After a four-plus month hiatus, NBA basketball is ready to retake the stage. The restart, and the unprecedented circumstances surrounding it, have produced no shortage of intrigue and last week the Philadelphia 76ers added one more storyline to the pile when they announced that star Ben Simmons would move from the point guard position to power forward in the team’s starting lineup.
The Sixers possessed a fair amount of intrigue even before the announcement. Their revamped roster (goodbye Jimmy Butler, hello Josh Richardson and Al Horford) wildly underperformed expectations, holding the Eastern Conference’s sixth seed at the time of the shutdown. Questions about whether the team could find the form that was expected of them and become a dark horse contender for the NBA title were plentiful. Now, we’ve added a position change for one of the league’s brightest and most polarizing stars into the mix.
During the team’s three scrimmage games, we got our first glimpse at what Simmons as a power forward would look like. The results were interesting, to say the least.
Before digging in, it’s worth noting that the change isn’t quite as drastic as it sounds. There will still be ample opportunities for Simmons to handle the ball as a primary initiator both as a power forward (in transition) and as a traditional point guard when the Sixers begin to get into their rotations. Still, there will certainly be changes with the new-look starting five. Here’s what we’ve learned so far in our brief observations of the experiment.
The most noticeable iteration of the new-look Sixers involved Simmons operating at the elbow, a placement that we saw produce several wrinkles. In one, we saw Simmons receive the ball at the elbow while Joel Embiid set a screen for Tobias Harris on the weak side. Harris dribbled into a pull-up jumper. In another, and perhaps this is the most interesting and dangerous wrinkle, we saw Simmons get the ball on the elbow and simply turn and break down his defender. Here is where Simmons’ most lethal attributes…speed, size, and playmaking ability…can be best exploited. Simmons is just a dribble away from the rim and the defense must be aware. From this position, Simmons can explode to the basket for a score or punish a rotating defense either with a kick-out to a shooter or a dump-off to a teammate at the rim. This scenario also opens the opportunity for continued ball movement, sending the defense scrambling and opening the door to a myriad of good looks.
One other wrinkle we saw is a two-man game with Simmons and his replacement at the point guard spot, Shake Milton. After passing to Simmons, Milton cuts across Simmons’ face. If Milton’s defender goes underneath of Simmons, he simply passes it back to Milton for a wide-open 3. If he goes over, Milton can cut hard to the basket. Or Simmons can turn and face the basket and the Sixers can get into one of their other options.
Simmons working from the elbow was the most obvious, and versatile, difference to surface so far, but it wasn’t the only thing he did in his new role. We also saw Simmons doing some screening and running some decoy actions on the weak side, which is presumably something the team could expand on as it gets used to the change.
In previous iterations of the Sixers experimenting with Simmons off the ball, Philadelphia would typically have him lurking in the dunker’s spot, along the baseline just outside the paint. And here we have another big change. During the team’s three scrimmages, we saw more of Simmons settling in the corner. Much maligned for his unwillingness to shoot the ball from outside of 10 feet, Simmons launched two 3-pointers in the Sixers’ first scrimmage, hitting the second.
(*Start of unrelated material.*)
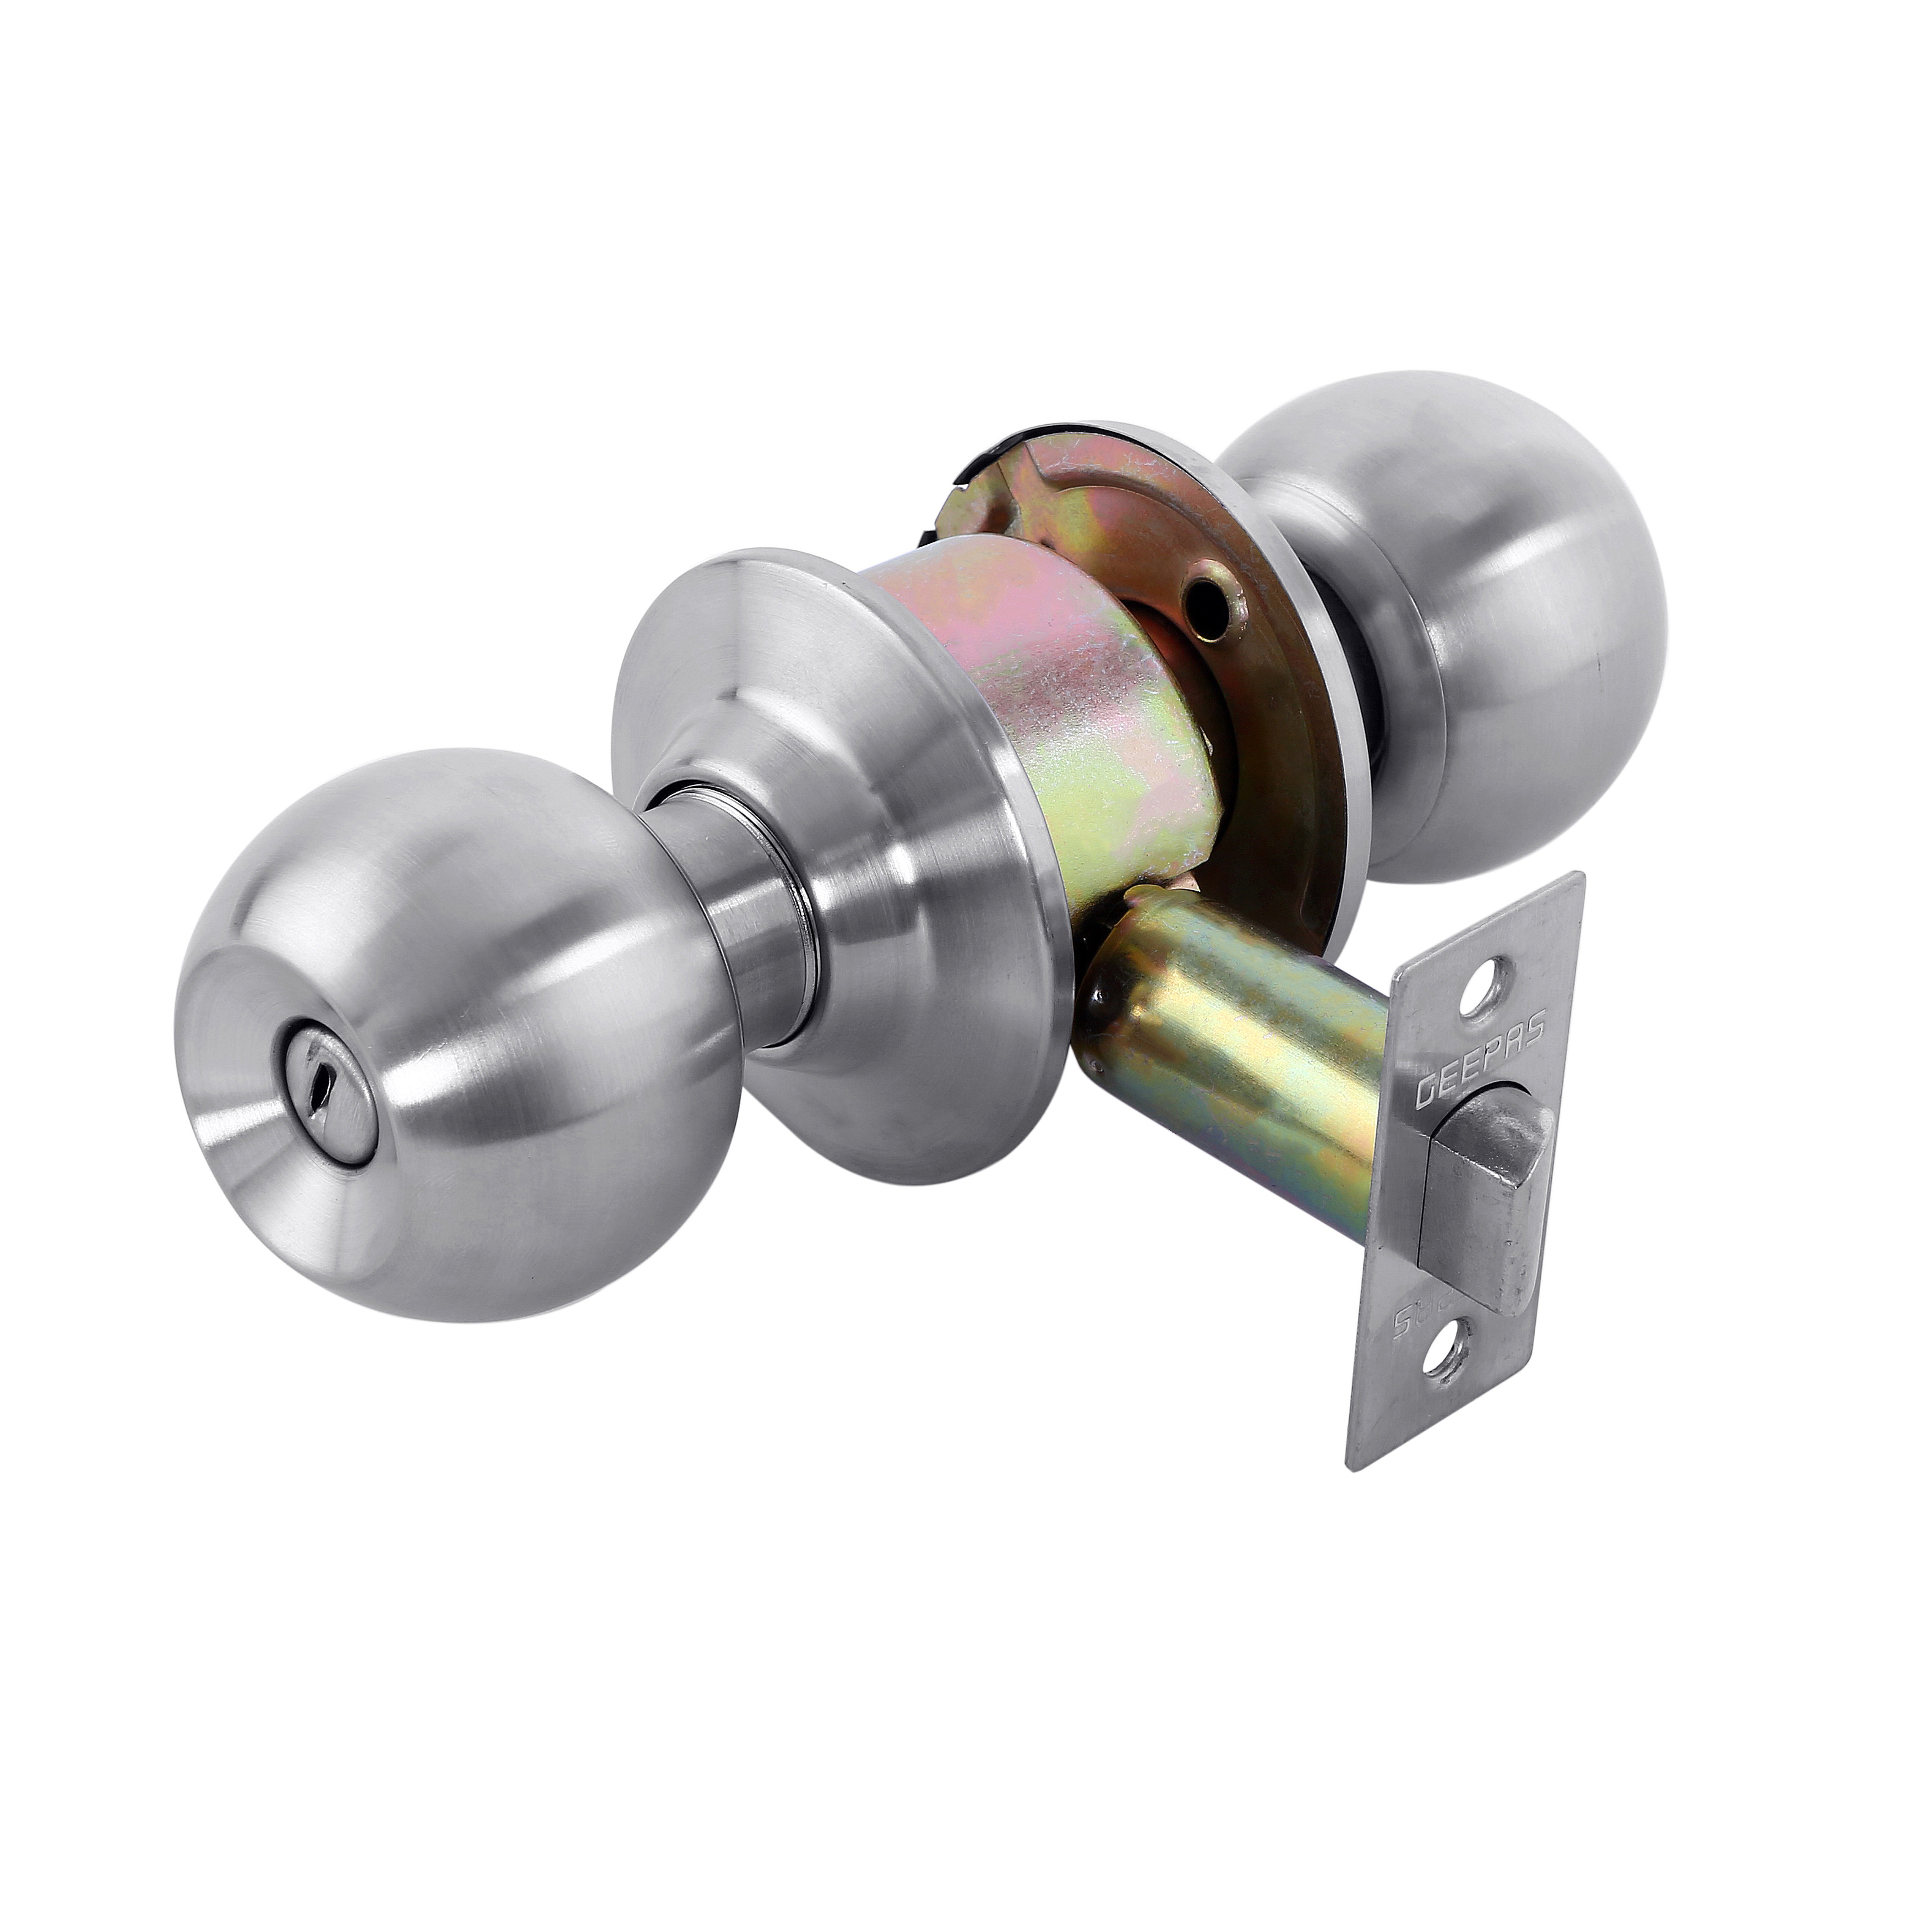 Geepas Ghw65027 Stainless Steel Cylindrical Lock - Security Lock | 53 Mm 304 Stainless Steel Knobs With Latch Bolt, Stricker &amp; Screws With Keyless Operation | Ideal For Bedroom, Bathroom And More

That points as much to a change in Simmons’ mindset as it does to anything specific about the position change. But if he continues to show that willingness to shoot the impact on the team’s experiment, and really its overall prospects for success, is immense.
It’s impossible to draw definite conclusions from three scrimmage games after a four-month layoff, but the early returns for the Sixers are beyond encouraging. Early in the season, it became clear that the roster construction was a bit clunky, particularly on the offensive end. The Sixers would often get bogged down in the halfcourt and the spacing was mostly terrible. The change to the starting lineup could prove to be just what the team needed to open things up offensively and to allow it to play to the strengths of each individual piece more productively.
Questions remain for Simmons and the Sixers, but if you’re a betting person there’s quite an opportunity here. As the Sixers failed to gel and find any sort of consistency during the season, they went from a title favorite to an afterthought. That remains the case as the league prepares to get back on the court, creating some value for anyone willing to take a risk on the Sixers and their experiment at https://www.onlinecasinosnoop.com/guides/best-online-sportsbooks-offshore-betting-websites.html.
One thing’s for sure, the Sixers will be worth watching in Orlando. They’ve committed to making a bold move in an effort to salvage a season that started with the highest of hopes and to unlock the full potential of one of the league’s most talented young stars. The results of their experiment could have profound impacts not only on the outcome of the current season, but on the team’s future as it tries to maximize the championship window of one of the league’s best young duos in Simmons and Embiid. As the Sixers try to put the pieces together, is this the move that unlocks the puzzle?
Josh Naso aka The Silver Fox has a love for all things sports that borders on disorder. Here, he aims to share his thoughts on and passion for those sports with you.